_EXERCISE DESCRIPTION_
Give the listing below again exactly, but without any of its pictures.

_INFORMATION SUPPLIED_
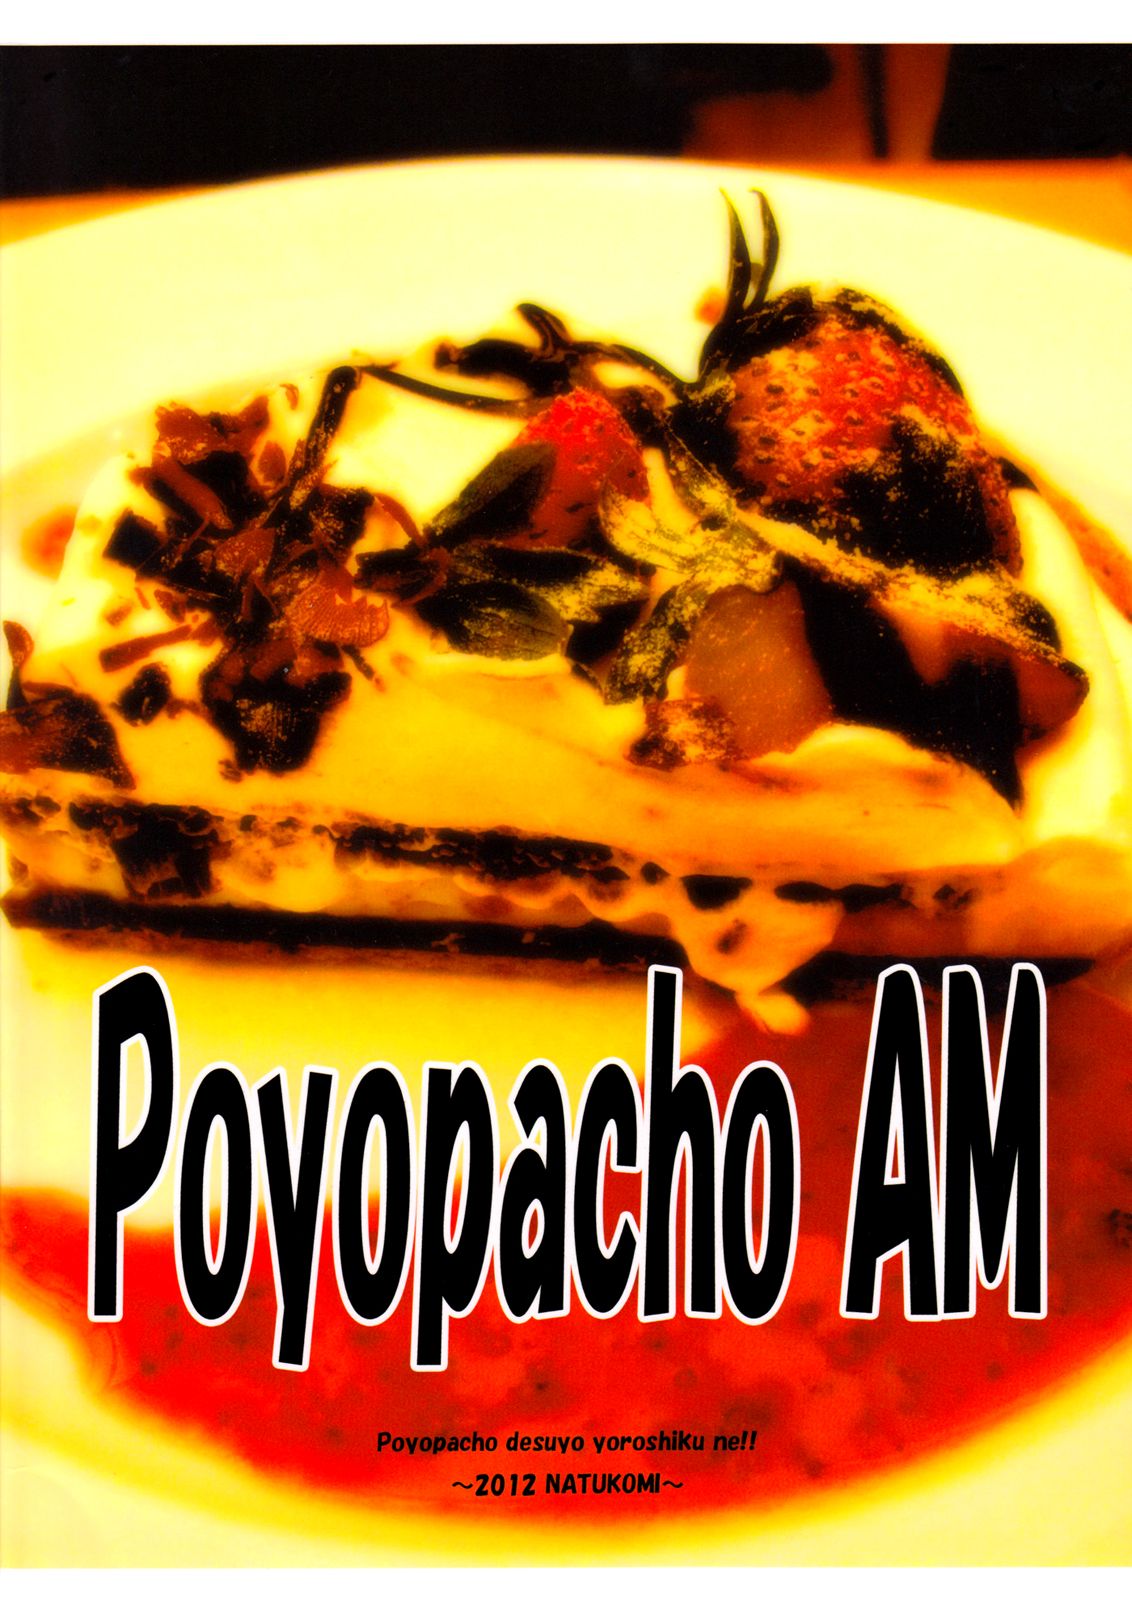 POYOPACHO AM - 20
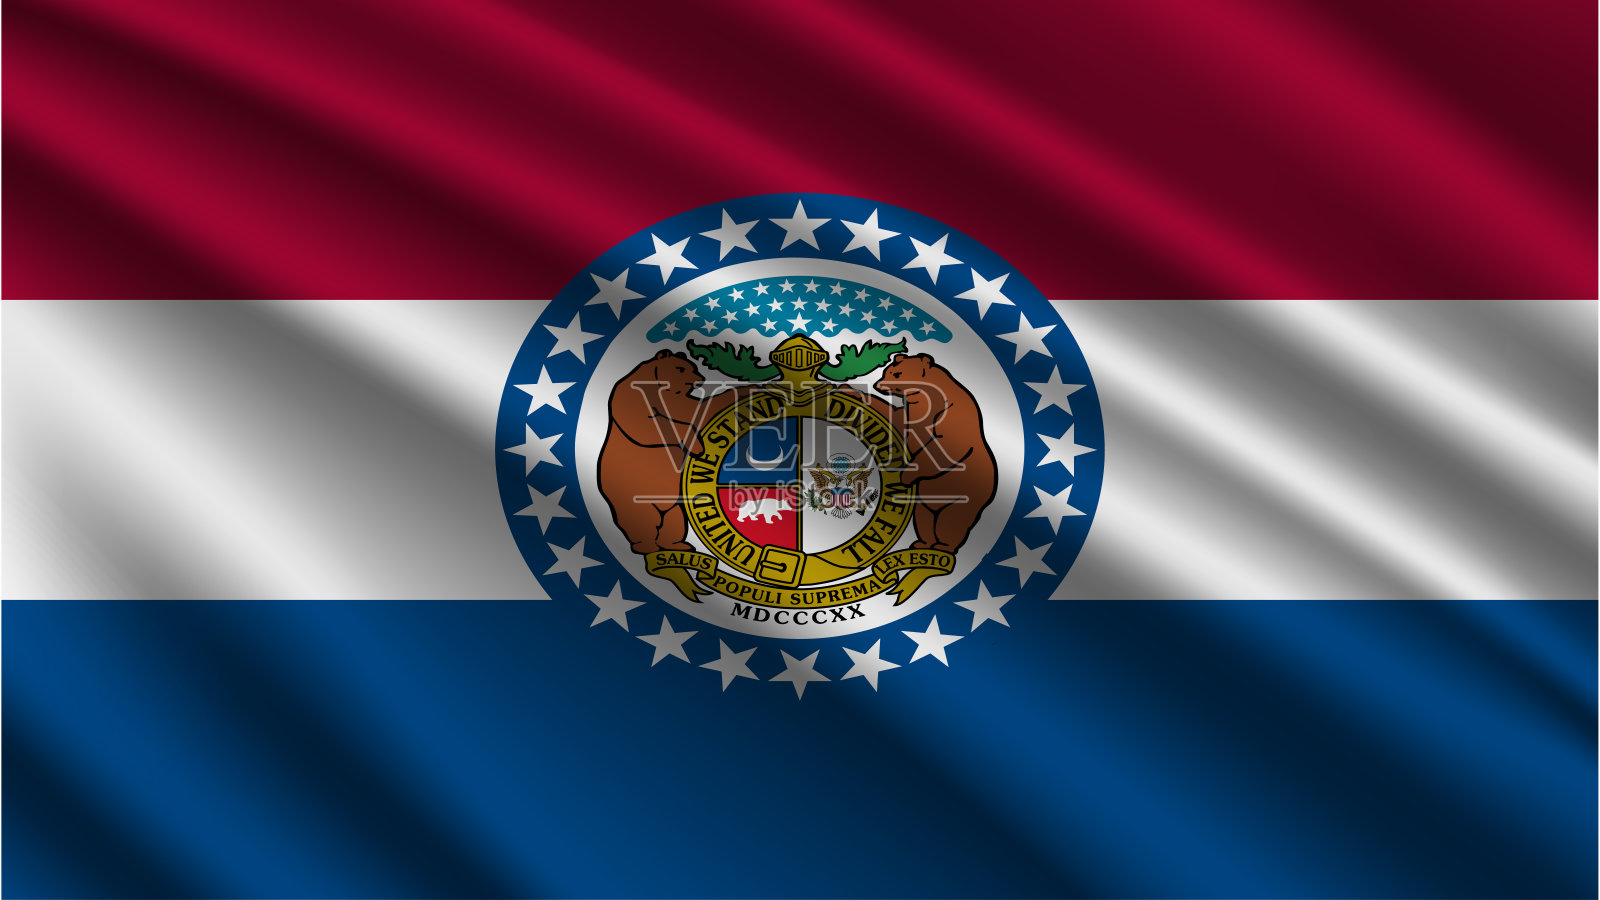 密苏里州-密苏里州旗帜-密苏里州旗帜高细节-国旗密苏里州波浪图案循环元素-织物纹理和无尽的循环-密苏里州循环旗帜-美国州旗帜-挥舞的旗帜插画图片素材
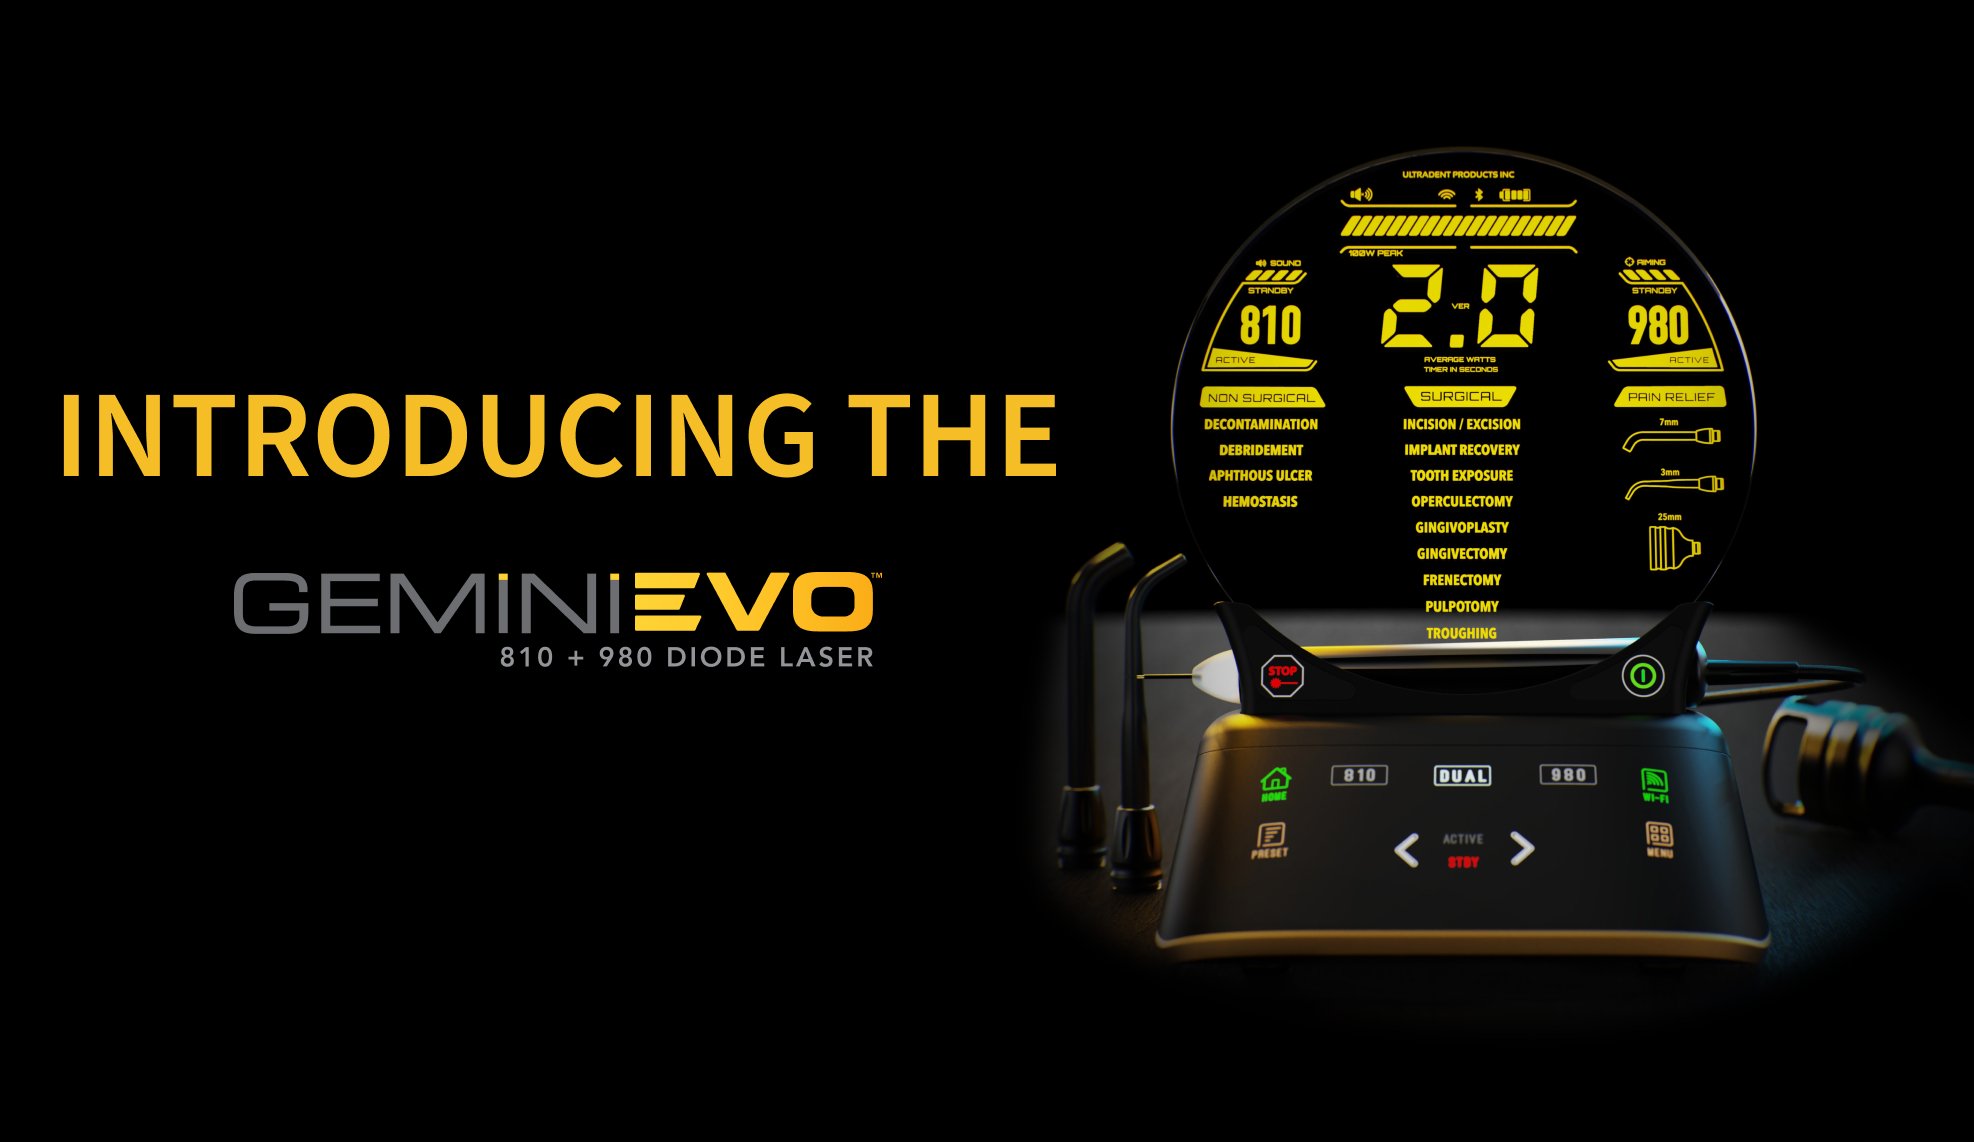 De Gemini EVO™-diodelaser zorgt voor een heel nieuwe beleving binnen de lasertandheelkunde

_ANSWER BOX_
 POYOPACHO AM - 20
 密苏里州-密苏里州旗帜-密苏里州旗帜高细节-国旗密苏里州波浪图案循环元素-织物纹理和无尽的循环-密苏里州循环旗帜-美国州旗帜-挥舞的旗帜插画图片素材
 De Gemini EVO™-diodelaser zorgt voor een heel nieuwe beleving binnen de lasertandheelkunde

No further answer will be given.